6. As for the second paragraph, we should probably link promiscuous metabolism (needs to be piped) and include a brief definition in a footnote, since I don't feel that the introduction to the Enzyme promiscuity article is all that helpful for a non-expert like me.
7. Replacing human gastrointestinal microbiota with “gut bacteria” would probably be an oversimplification, but if bacteria are mainly responsible for drug metabolism by microbes, could we put say “primarily bacteria” in parentheses afterward?
8. Also, replacing “into blood plasma” with “into the blood” would sacrifice a little precision but would be a little simpler. AmericanLemming (talk) 03:03, 13 August 2019 (UTC)
@AmericanLemming: Sorry about the long delay in my reply; I'd meant to respond earlier but was tied up at the time and forgot about it in the meantime.
4.  Done
5. plus Added at the end of the first paragraph: "The field that studies these interactions is known as pharmacomicrobiomics."
6. I think what the authors meant here was that amphetamine is likely a ligand for (i.e., likely metabolized by) many currently unidentified microbial enzymes, not that the enzymes themselves are promiscuous.
7.  Done
8.  Done - changed it to "into the blood stream"
Seppi333 (Insert ) 12:07, 16 August 2019 (UTC)

@AmericanLemming: Thank you for reviewing that for me! Seppi333 (Insert ) 06:34, 18 August 2019 (UTC)

I find this page to be biased in the emphasis on how safe amphetamines are and that when abused then there are problems. Many people end up with issues at prescribed doses such as withdrawal and dependence which can also be found in research. Mentions how younger kids are less likely to abuse drugs later on in life if they start on amphetamines at a young age. What is skipped is that starting at any other age increases the chance. Ignores acute tolerance which happens within hours of taking the medication and was used to base the design of various extended release products. Ignores many harmful aspects such as oxidative stress, downregulation of receptors and the production of neurotransmitters, neurotransmitter depletion, Instead it only mentions pathways to addiction. Dependence is related, but not mentioned when the brain no longer efficiently manages it's own neurotransmitters and has to rely on the medication to do it. Even at low doses people often feel the Adderall crash when it wears off. All be it mildly. Feels like every section has to say something about it's safe at prescribed doses or implies negative outcomes only for abusers. Seems more like damage control and people trying to sell me on the idea. Safety and what not should be in one section, not in every section as if trying to protect peoples perceptions. Not a single mention of the effects on the endocrine system. Skipped the issue on stunted growth all together. etc. Aside from that, very informative. — Preceding unsigned comment added by 69.248.160.198 (talk) 10:32, 9 April 2023 (UTC)

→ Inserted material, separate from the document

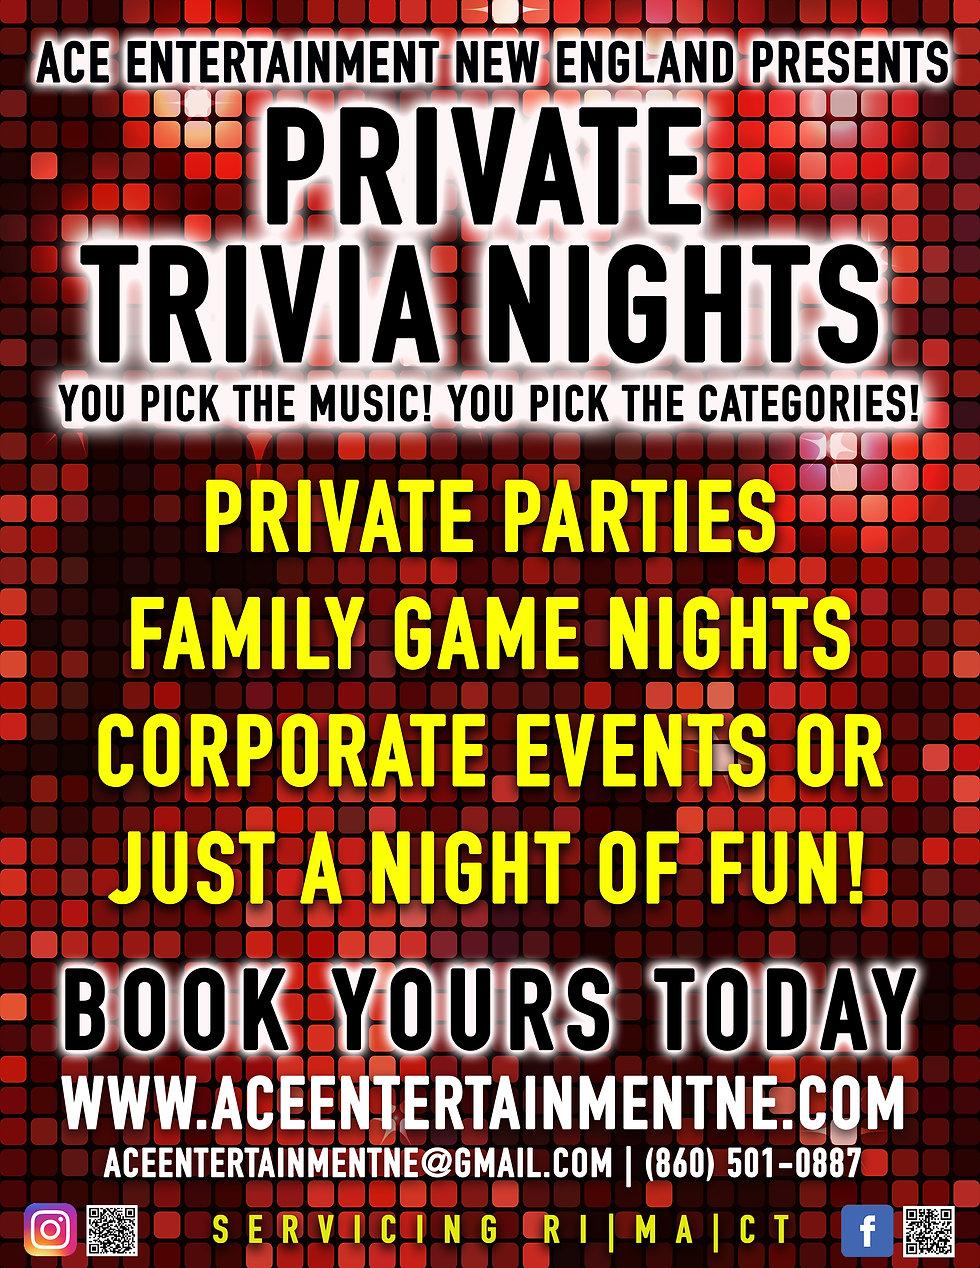 Private Trivia Nights Flyer.jpg
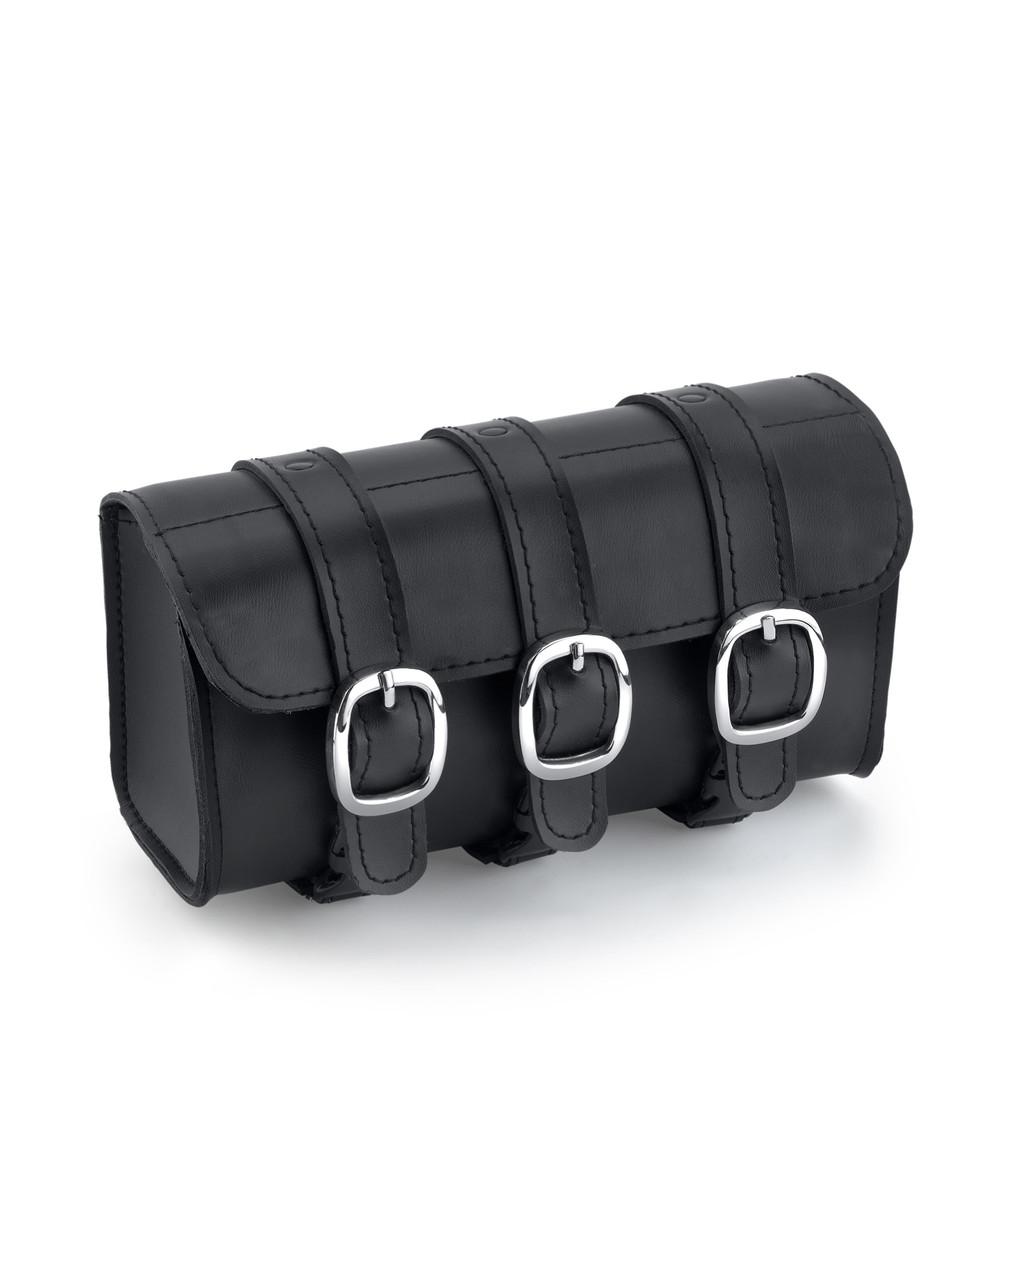 Honda Trianion Plain Motorcycle Tool Bag Main Bag View

I don't 🤷 Strawkipedia (talk) 06:29, 8 July 2023 (UTC)
  • Mentions how younger kids are less likely to abuse drugs later on in life if they start on amphetamines at a young age. What is skipped is that starting at any other age increases the chance. That's news to me. Feel free to cite a reliable medical source, and I'd add that information myself.
  • Many people end up with issues at prescribed doses such as withdrawal and dependence which can also be found in research. Yes, it's mild and lasts about a week, if it occurs at all. It's not mild for recreational users, but it still only persists for a few weeks even in the heaviest recreational users. Why does this deserve to be mentioned for people taking therapeutic doses when it's generally subclinical (i.e., doctors and psychiatrists discontinuing the medication don't gradually taper the dose), if it occurs at all, though? Moreover, wouldn't covering this reaffirm your belief that the article is biased in convincing you of safety?
  • Ignores acute tolerance which happens within hours of taking the medication and was used to base the design of various extended release products. What?
  • Ignores many harmful aspects such as oxidative stress, downregulation of receptors and the production of neurotransmitters, neurotransmitter depletion, Feel free to cite some medical sources discussing evidence found in humans, and I'll add it to the article.
  • Skipped the issue on stunted growth all together. You clearly did not actually read the article. It's been covered in Amphetamine#Contraindications for at least the past 6 years.
  • Generally speaking, for a drug that's used clinically and recreationally, why do you expect the article to conflate the effects of clinical low-dose use and recreational high-dose use? It either biases the reader into thinking recreational use is safer than it actually is, clinical use is less safe than it actually is, or both. I don't particularly care whether the inclusion of content makes people think the article is biased. I do care about the omission of content, though.
Seppi333 (Insert ) 19:41, 25 July 2023 (UTC)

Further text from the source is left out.